You are mixing MySQL APIs, they do not mix together. mysql_num_rows
Use mysqli_num_rows()
Also make sure your DB connection is also mysqli_* and not mysql_*
EDIT after you've edited your question.
You need to pass DB connection to your query:
$check_player_ip=mysqli_query($con,'SELECT...`
$con being your DB connection.
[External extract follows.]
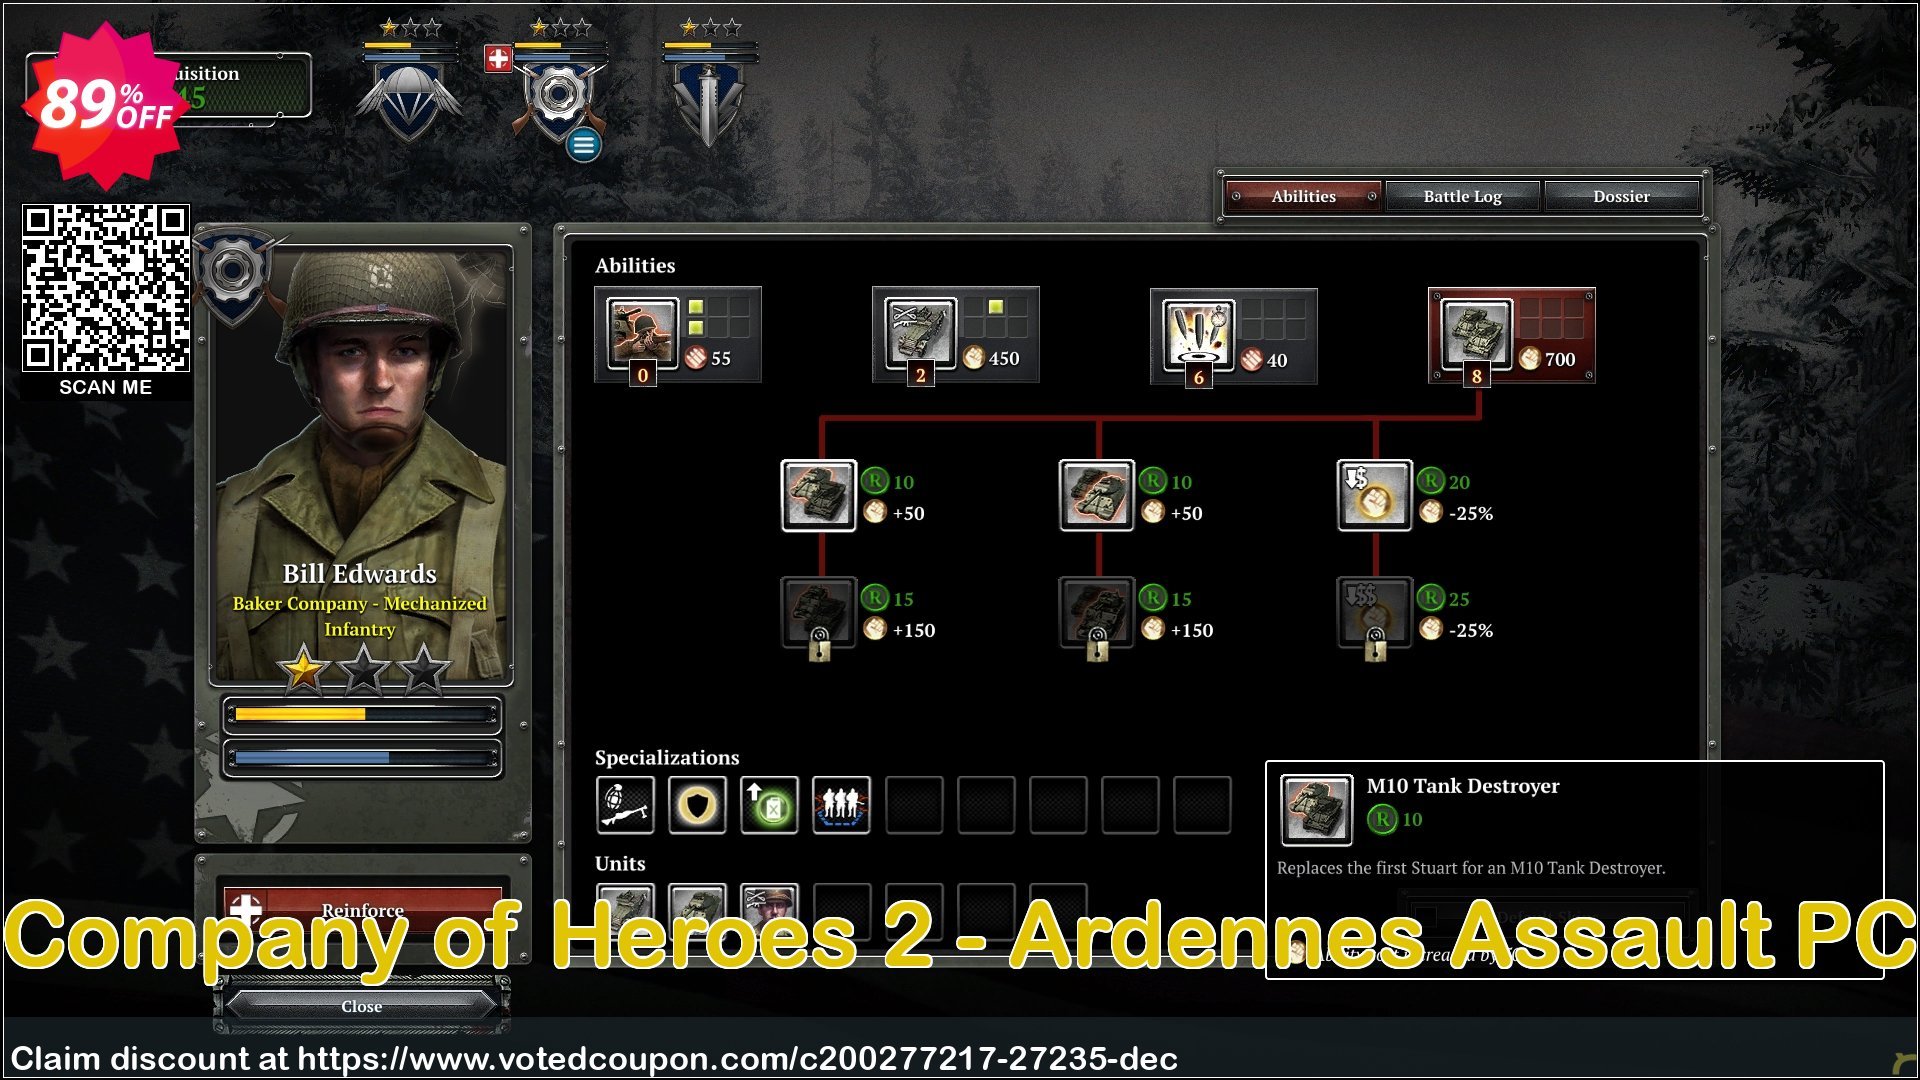 Company of Heroes 2 - Ardennes Assault PC Coupon Code May 2024, 89% OFF - VotedCoupon
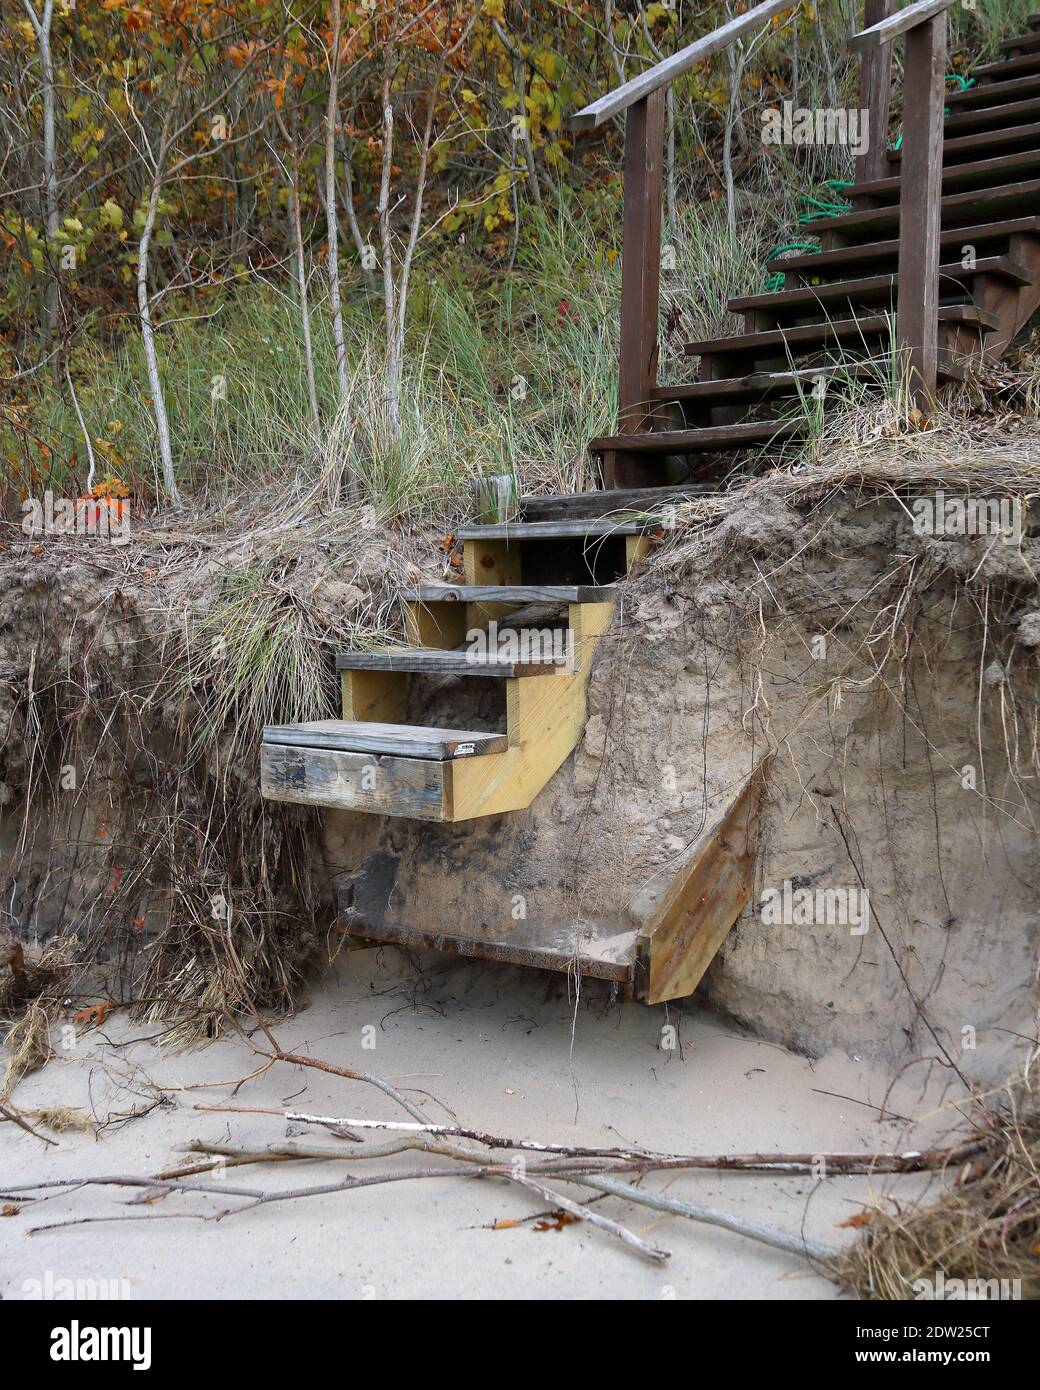 Erosion damaged wooden staircase built on the sandy edge of Lake Michigan Stock Photo

Change accordingly.
Plus WHERE username = remco - the word remco needs to be wrapped in quotes, it's a string and not an int.
WHERE username = 'remco'
Sidenote:
Your present code is open to SQL injection.
Use prepared statements, or PDO with prepared statements.
Edit 2:
Try inverting the quotes:
$check_player_ip=mysqli_query($con, "SELECT `player_ip` FROM `playerdata` WHERE username = 'remco' AND active = 0");
if (mysqli_num_rows($check_player_ip) == 0) {
//didnt find anything
}
Try this:
<?php
$host = '127.0.0.1';
$username = 'root';
$password = '';
$dbname = 'multiplayer';
$con = new mysqli( $host, $username, $password, $dbname );
/* Check Connection */
if ( $con->connect_error ) {
printf( "Connect failed: %s\n", $con->connect_error );
exit();
}
/* Query - Returns a resultset */
if ( $result = $con->query('SELECT `player_ip` FROM `playerdata` WHERE username = "remco" AND active = 0 ') ) {
if ( $result->num_rows <= 0 ) {
//didnt find anything
printf("No player");
} else {
//found something
printf("Select returned %d rows.\n", $result->num_rows);
}
/* free result set */
$result->close();
}
/* close connection */
$con->close();
?>
you should execute that mysqli query...
while($rows = mysql_arrayAssoc($ursql)){
$data[]=$rows;
}
if($something== $data['attribute']) //attribute(id,name...)
echo "ok some data is in"
else
echo "no matching data"
I hope it help you :)